Pacific island Vatuvara wildlife survey — via Dear Kitty blog

This 2017 video from Fiji is called Vatuvara Private Islands.

From BirdLife:

22 Nov 2017

Exploring the untouched island of Vatuvara

This is the first time a full biological survey has ever been performed on this remote, almost untouched island in the South Pacific. The intriguing and fascinating results have redoubled the Vatuvara Foundation’s efforts to safeguard this lush wildlife haven.

By Steve Cranwell

The island of Vatuvara perfectly embodies the intrigue and beauty of the South Pacific islands. Located in the north of Fiji’s Lau group, the 800-hectare island has been uninhabited for most of human history. This is due in part to the absence of a permanent water source – but the sharp, unforgiving coral terrain certainly doesn’t help.

For a time, the island hosted a fortified village atop the 300-metre summit – no doubt a strategic lookout point for Fijian warriors. But apart from a desperate attempt at coconut production during Fiji’s plantation era, Vatuvara has largely been spared the impacts of human influence. And that includes many invasive species common on other South Pacific islands – making Vatuvara an invaluable refuge for wildlife.

Despite the detailed knowledge of the indigenous Fijians, practically the only formal scientific account of the island comes from the remarkable Whitney Expeditions, which visited Fiji in 1924, identifying the endemic Fiji Banded Iguana Brachylophus fasciatus among other native flora and fauna species.

Now under the care of Vatuvara Private Islands, the island is protected as a nature reserve. In November, BirdLife International Pacific, together with NatureFiji-MareqetiViti (BirdLife in Fiji) and the US Geological Survey, joined the Vatuvara Foundation to conduct a pioneering four-day survey.

The survey initially focused on the island’s reptiles, in particular the Banded Iguana – currently threatened with extinction – and a snake, the Pacific Boa Candoia bibroni.
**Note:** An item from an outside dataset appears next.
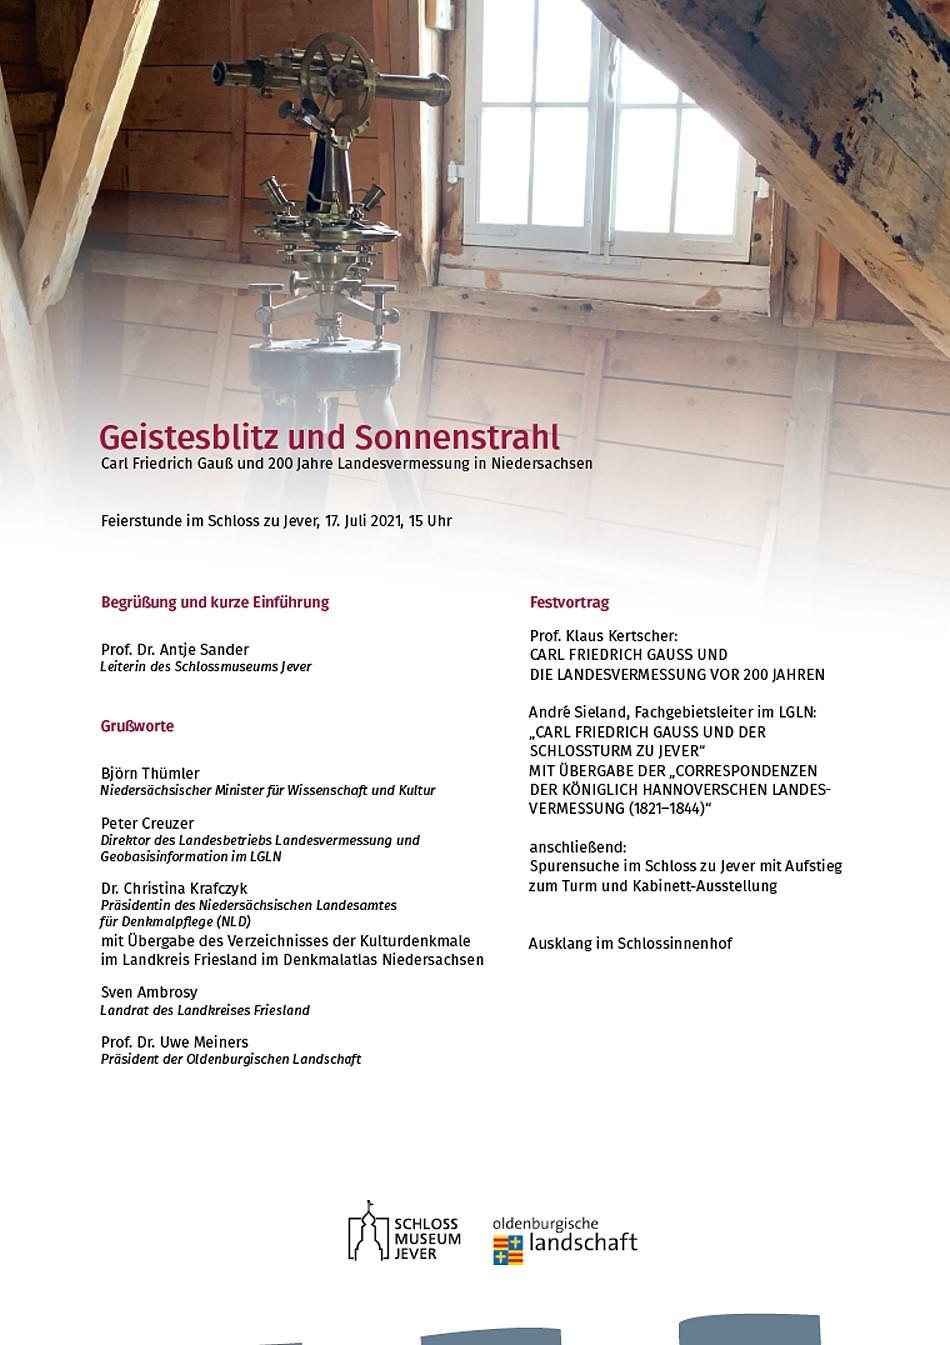 Feierstunde Carl Friedrich Gauß - 200 Jahre Landesvermessung im Schloss am Sa. 17.07.2021

During the night, several sleeping reptiles were stealthily extracted from the branches above for identification.

Coconut crabs Birgus latro proved to be a very visible part of the island fauna. Although active throughout the day, it was at night that the forest came alive to a slow, deliberate dance as the world’s largest arthropods (weighing up to 4kg and a metre from leg to leg) shuffled about the forest floor, or climbed trees and vertical rock faces in search of sustenance. Once common throughout the Pacific and Indian Oceans, these unique, long lived terrestrial crabs, who can survive for 40-60 years, are under threat. Considered a local delicacy, crab populations are now increasingly confined to remote inaccessible islands or locally protected areas.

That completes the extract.